How the FinTech Boot Camp Transformed Marc Weimer’s 10-Year Banking Career
Marc Weimer graduated college in the midst of the 2008 recession — so moving across the country wasn’t an issue when he received a great job offer right out of school. A lifelong Chicagoan, Marc ended up moving to Houston, Texas, and jump-started his decade-long career in banking.
As a Director, Sr. Treasury Officer at Bank of America’s Global Transaction Services, Marc helps large, multinational energy and power corporations evaluate and implement day-to-day cash management solutions that support their financial transformation initiatives. His team helps these companies efficiently and effectively manage working capital, oftentimes by replacing legacy technologies and deploying new ones. Increasingly leveraging cloud infrastructure and machine learning, the team cuts costs and improves financial accuracies in the process. Naturally, Marc was curious to learn more about the technology that made these solutions tick.
“I began exploring tech boot camps because I wanted to get hands-on experience,” said Marc. “I wanted to gain an in-depth understanding of emerging fintech tools beyond the talking points so I could help point clients in the right direction. Knowing what you can do with each of these tools, where can you deploy them, and where other options are optimal was my goal.”
Rice University FinTech Boot Camp was the first long-form fintech program offered in the U.S. — and Marc was part of its inaugural cohort. The boot camp transformed the way he approached and performed a job that he had already held for five years. These are some of the biggest changes he’s noticed in his career since completing the boot camp.
Gaining an understanding of today’s technologies
“Our clients’ expectations are growing exponentially,” said Marc. “As a member of an established financial institution, everything from what we need to deliver to how we need to deliver it is changing. Fintech is challenging our industry, in large part because of how these clients are used to interacting with technology in their personal lives.”
From APIs to data visualization, machine learning to natural language processing, and neural networks to blockchain, there is no shortage of new technologies directly impacting Marc’s day-to-day role and responsibilities. And each one of these topics were covered — in some capacity — during the boot camp. Marc estimates that he put about 600 hours total into his studies. Through it all, he continued his full-time job at Bank of America and became a first-time father.

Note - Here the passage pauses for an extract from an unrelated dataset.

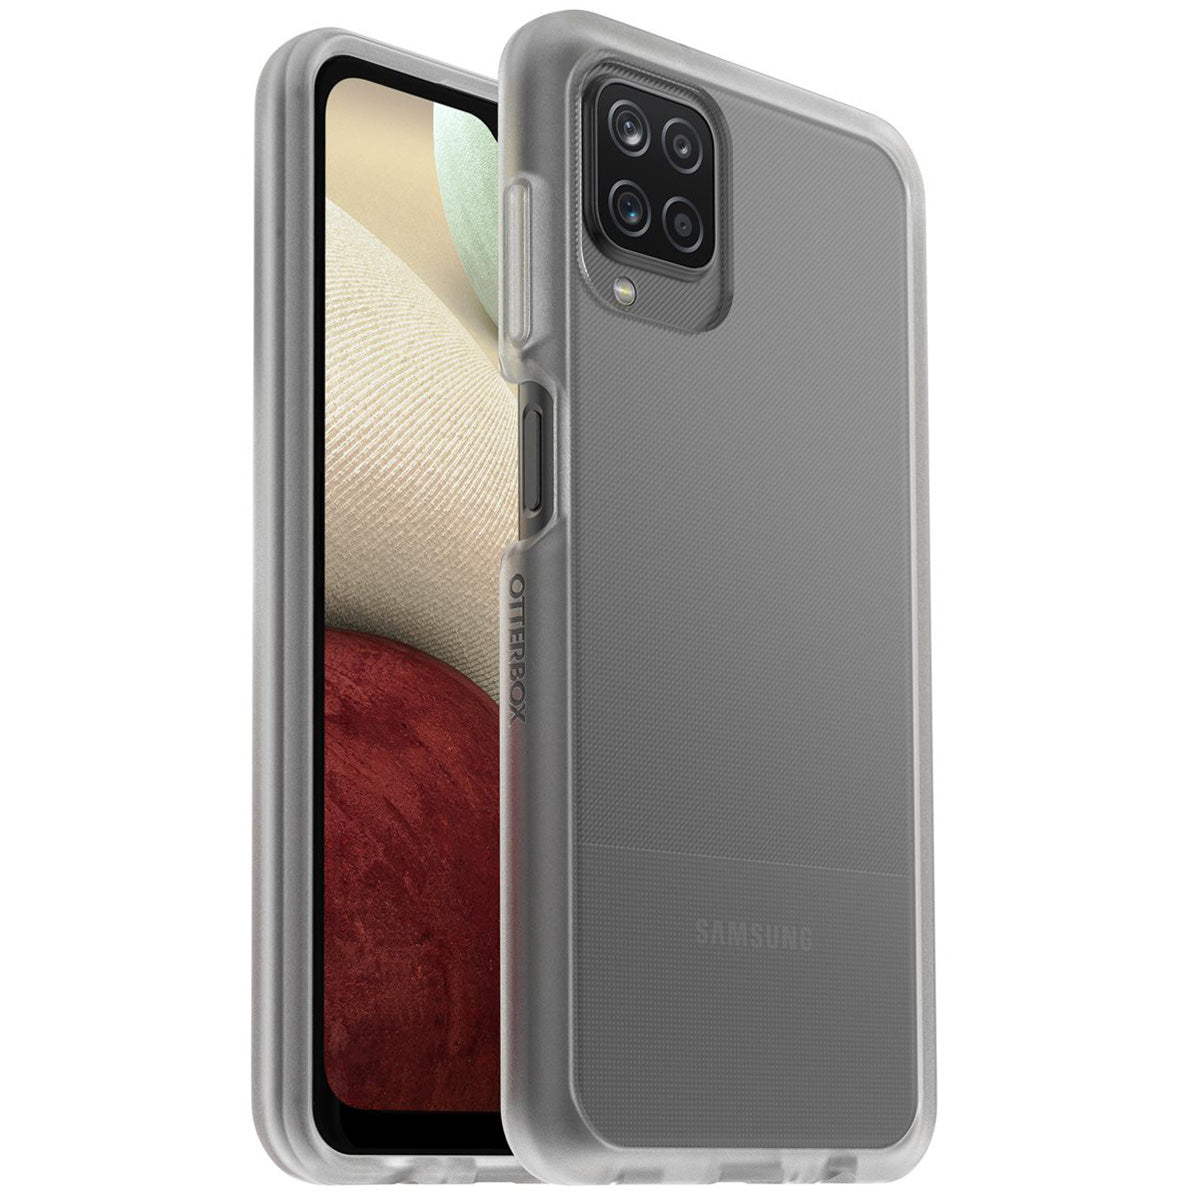 Samsung Galaxy A12 Cases, Covers &amp; Accessories
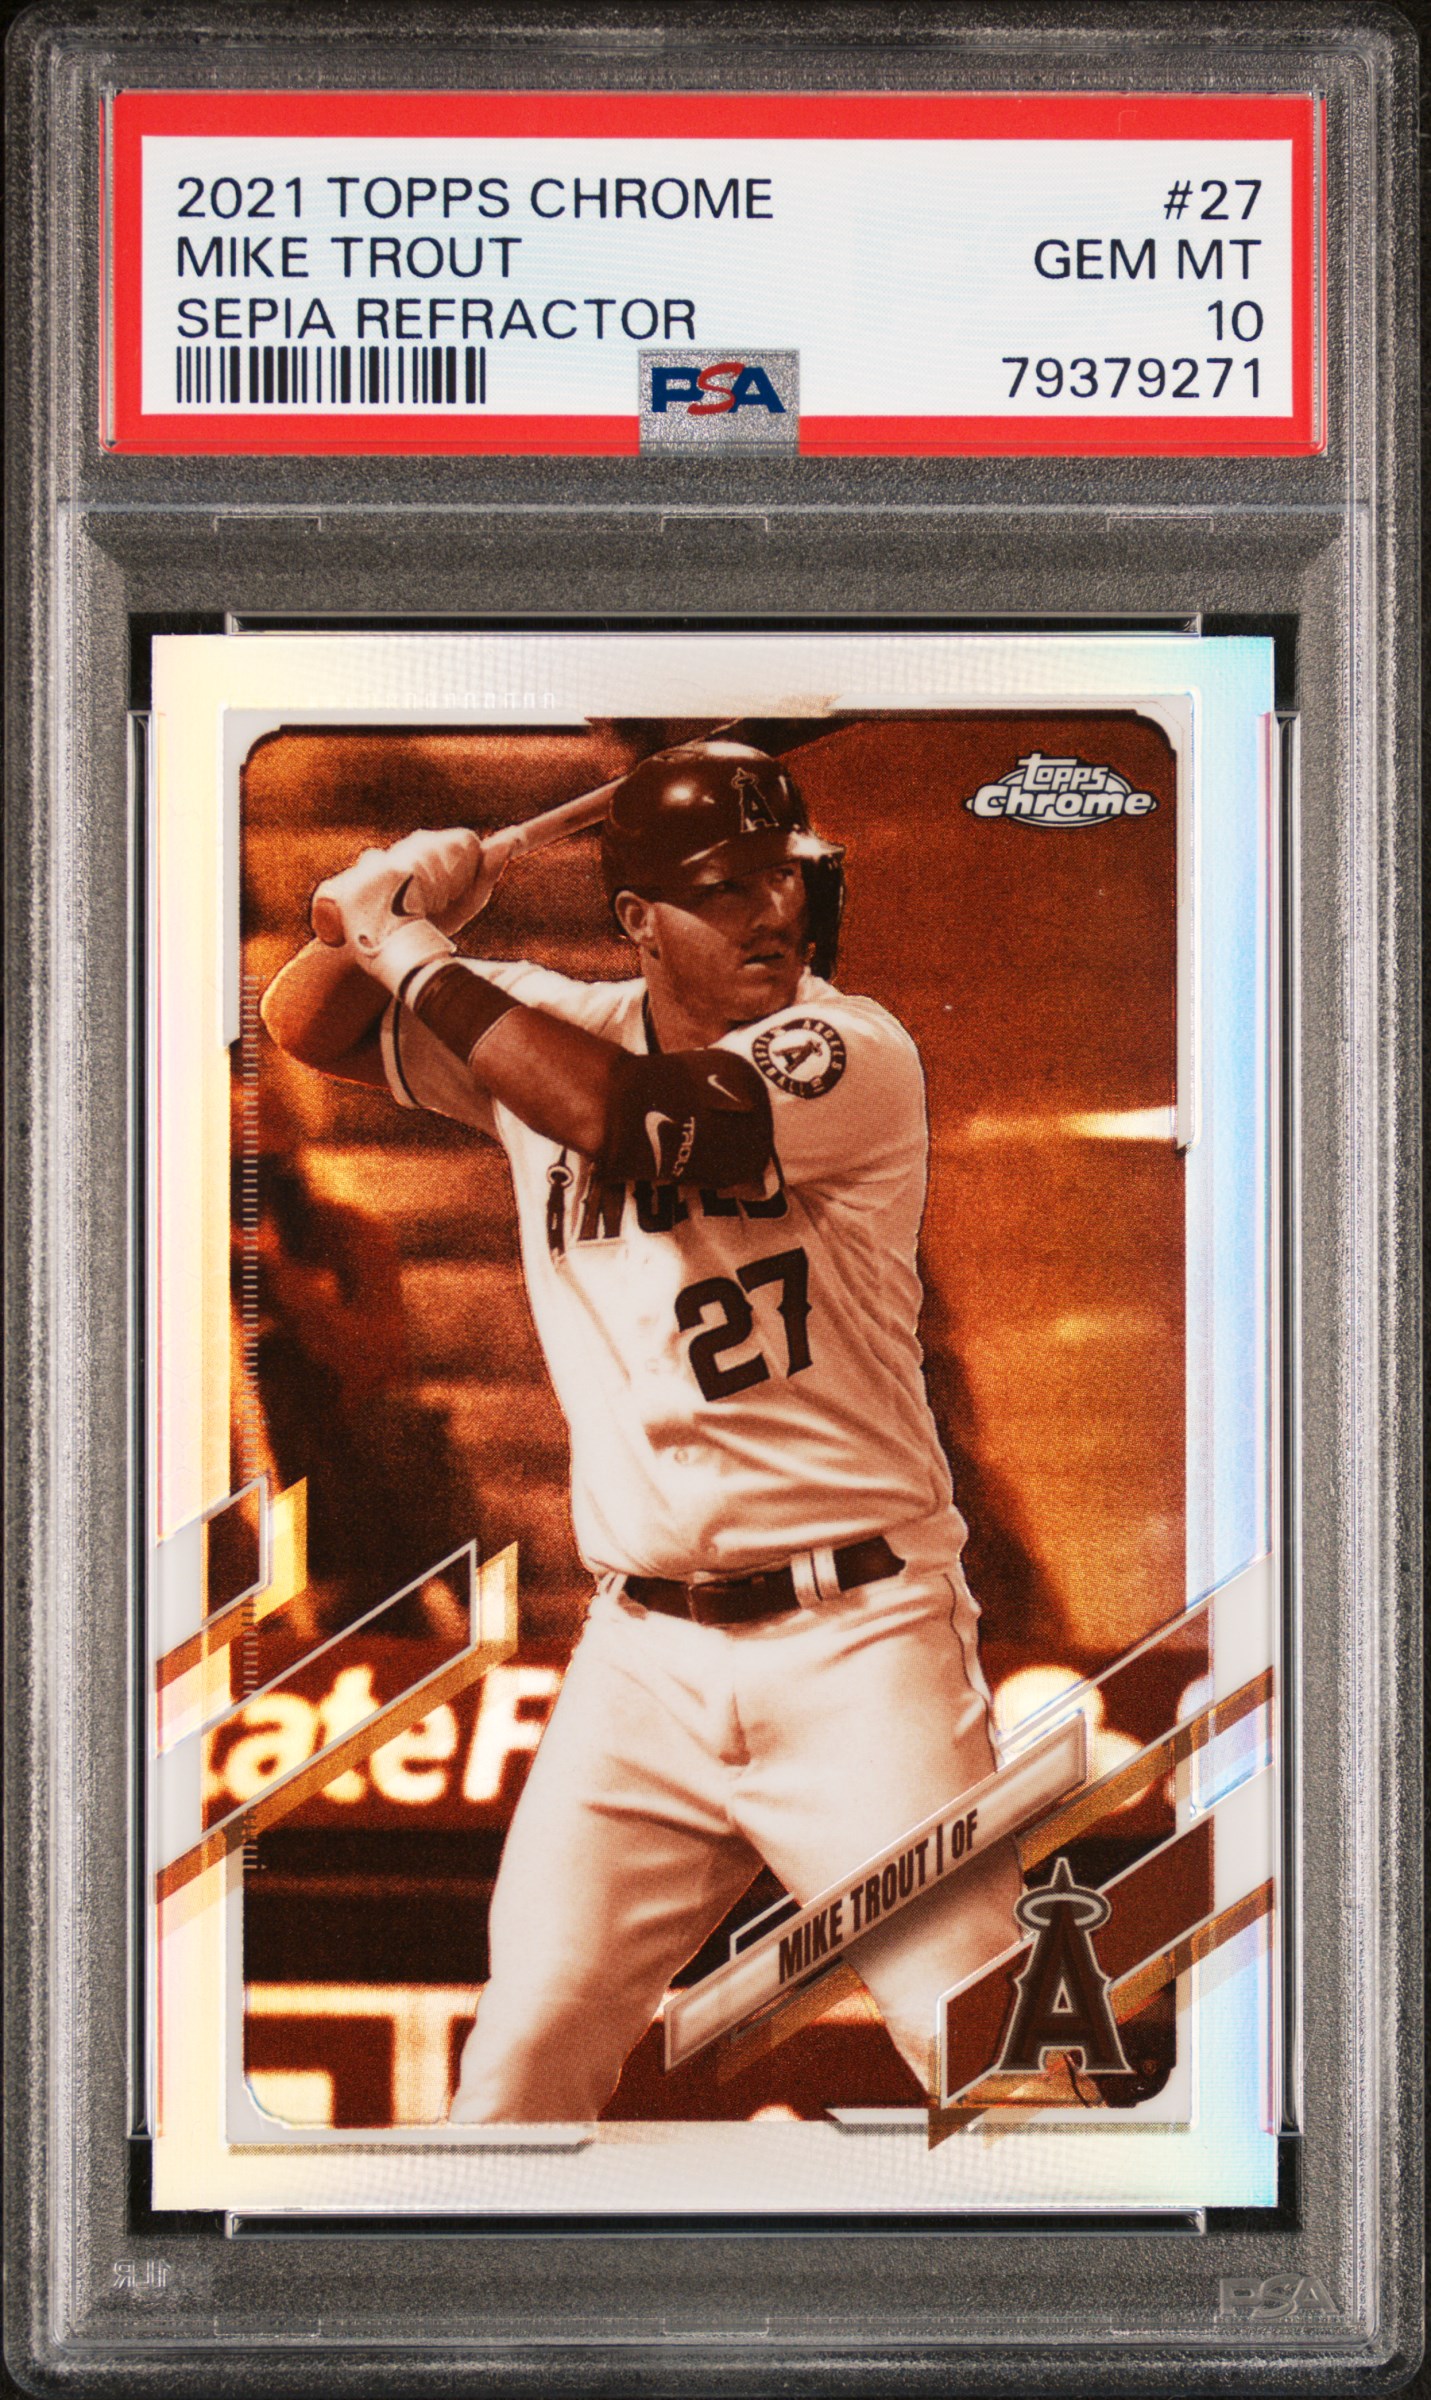 2021 Topps Chrome Sepia Refractor #27 Mike Trout – PSA GEM MT 10

“Looking back, I now realize I had a superficial idea of what all of these technologies were before the boot camp,” said Marc. “As the son of a computer programmer, I was familiar with a few coding languages, but I definitely wasn’t a coder. By no means was the class easy, but I stuck it out. Our instructor was excellent. He was enthusiastic and knowledgeable, pushed us outside our comfort zones, and pointed us towards useful resources. Once we got deeper into the concepts and practiced deploying different languages into solutions, it all clicked, and my understanding of the tools multiplied. I was skeptical of getting into the code, but now I realize how much more I understand because of that foundation and experience.”
Applying a new skill set — and mindset — to his old role
Marc was impressed with how the course molded to the students’ feedback and needs, adjusting the material along the way to avoid burnout and provide maximum support to students. The diversity of student backgrounds brought in a range of interesting perspectives — and the opportunity to work with more experienced students was particularly helpful. Now, Marc feels a lot more competent in his understanding of fintech, and exceedingly confident in his ability to service his clients.
“My clients are some of the largest energy companies in the world and they’re looking to us to suggest tools for their financial transformation,” Marc said. “Whether they’re looking to deploy them externally as part of their client-facing offerings or internally to help the efficiency of their own operations, it’s my job to advise them on the different solutions available for the specific problems they’re trying to solve. There’s no question that I’m better equipped to do that now.”
Realizing his newfound potential — and running with it
Soon after the boot camp ended, Marc met with the head of IT of a large client and his direct reports. Usually, Marc would bring a colleague with a technology or product deployment background, but nobody could make the meeting on short notice — and he didn’t want to lose the opportunity.
“I had created a deck, and began to talk through some concepts Bank of America is deploying,” said Marc. “What I thought was going to be a one-sided presentation became one of the most fruitful conversations of my whole career. I entered the room with a whole new depth of understanding, and to speak on the same level as a CIO, whose role is fully immersed in technology, was incredible. I came out of it praised for both my personal achievements and those of Bank of America.”
For Marc, that experience summed up what he gained from the boot camp. He didn’t go into the boot camp to change careers or land a new role. He did it to thrive in his current role — and that’s exactly what happened.
“I believe I have more worth and value at work now,” he said. “I received a promotion last year, and I think the boot camp played a large role in that. I’m able to have conversations and solve problems that I wouldn’t be able to if it weren’t for taking the course. I still have a lot to learn in the fast-evolving field — but I feel significantly more empowered to make my institution better and move forward my career.”